Five Ingredients of Customer Centricity

Customer focus as a strategy

The crash of a big dream

Tony Hsieh was a dreamer. He believed he could build a customer-oriented yet profitable business.

His book Delivering Happiness inspired countless entrepreneurs.

He founded Zappos—once a paragon of customer centricity and holacracy. Hsieh treated customers like friends and employees like family.

Amazon aquired Zappos in 2009, but it continued to operate independently with Hsieh staying at the helm.

Unfortunately, holacracy and exceptional customer service could only do so much. Zappos hasn’t become an international business.

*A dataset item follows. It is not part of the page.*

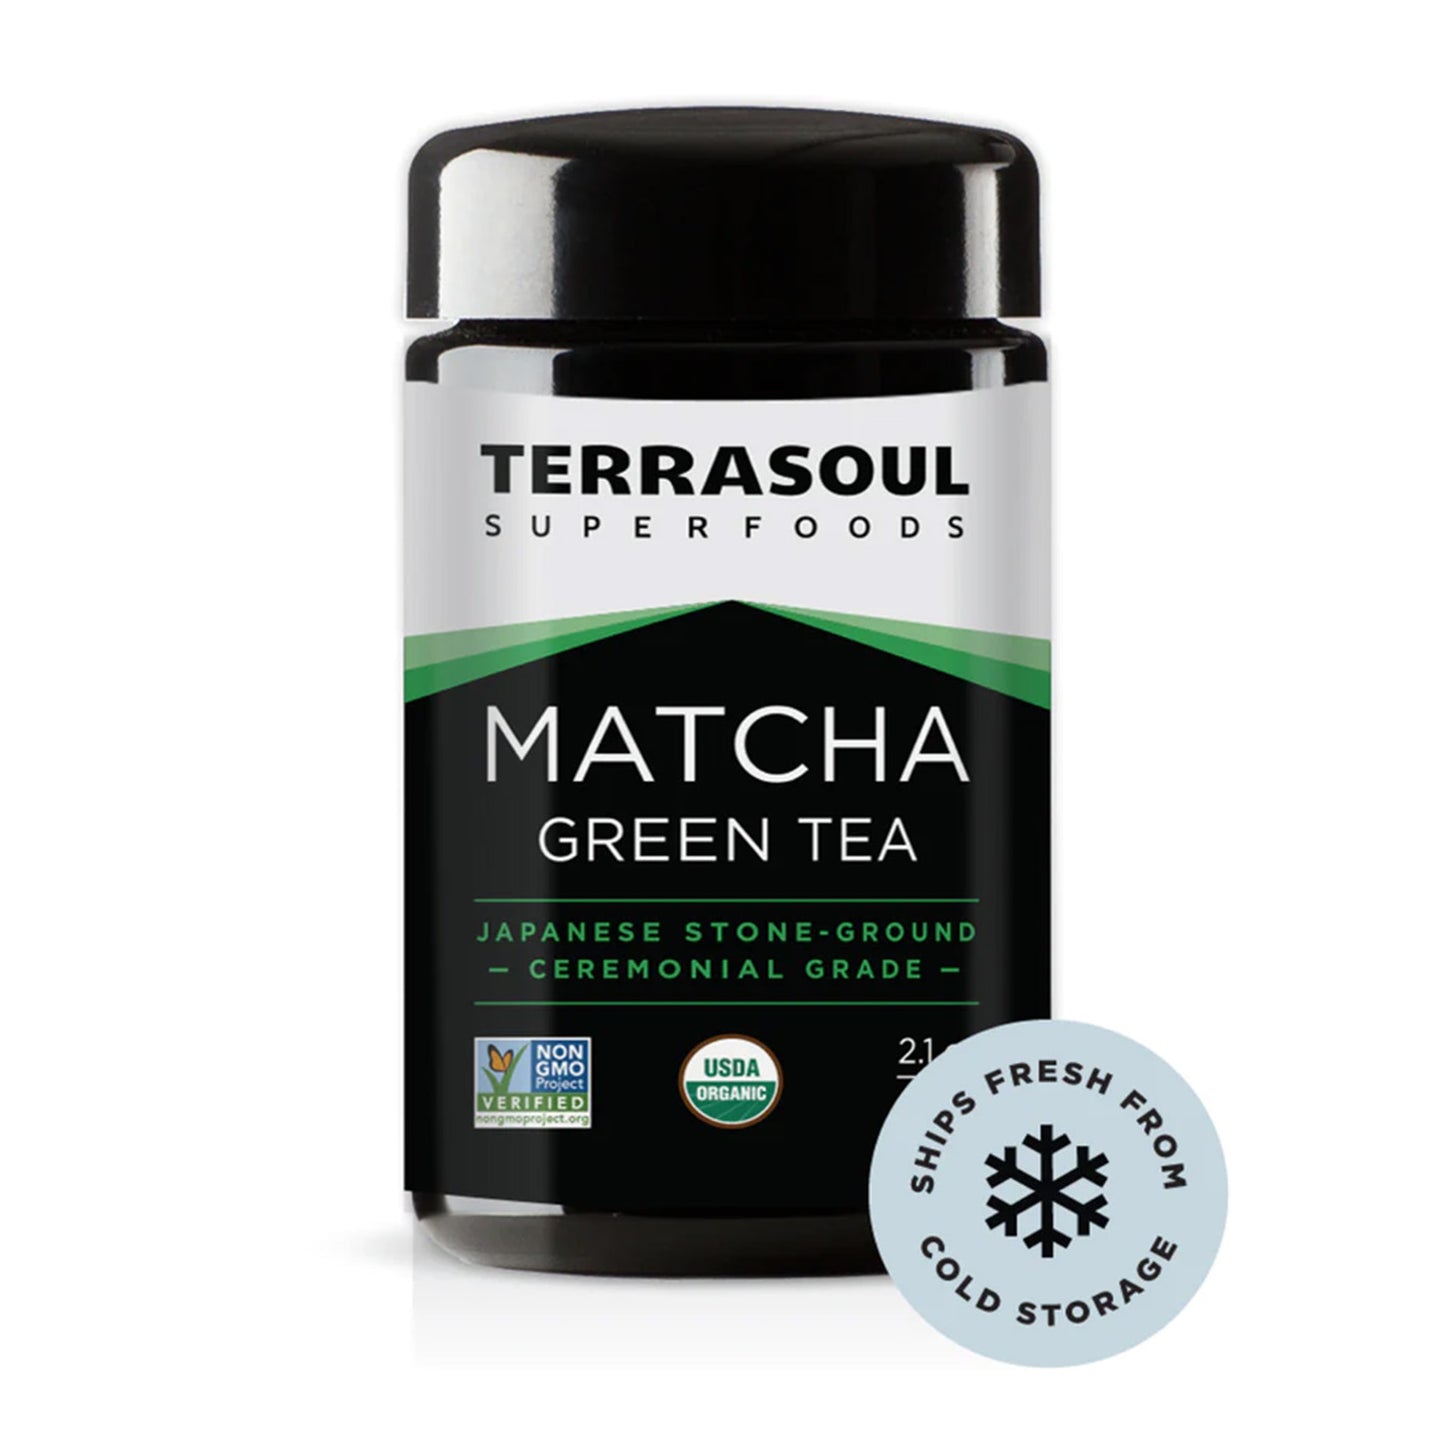 Vive el Poder Verde con Terrasoul Superfoods Matcha Green Tea Powder | ProHealth Shop [Panamá]

Few companies managed to replicate its experience.

What works for a passion project doesn’t cut it in a global giant. Customer service is hard to build, but painfully hard to scale.

Tony Hsieh tragically died in 2020. His brainchild, Zappos, has outlived its founders, but this is not the Zappos as it was in 2009. Now, it’s just another company, one of many.

This story is yet another reason not to buy into Silicon Valley fairy tales about dreams and passion.

However, you can make your business more customer-oriented with five simple ideas.

Managerial schizophrenia

Schizophrenia is a severe mental disorder often linked to split personality. But by “managerial schizophrenia,” I don’t mean the illness. I’m talking about when managers say one thing and do the opposite.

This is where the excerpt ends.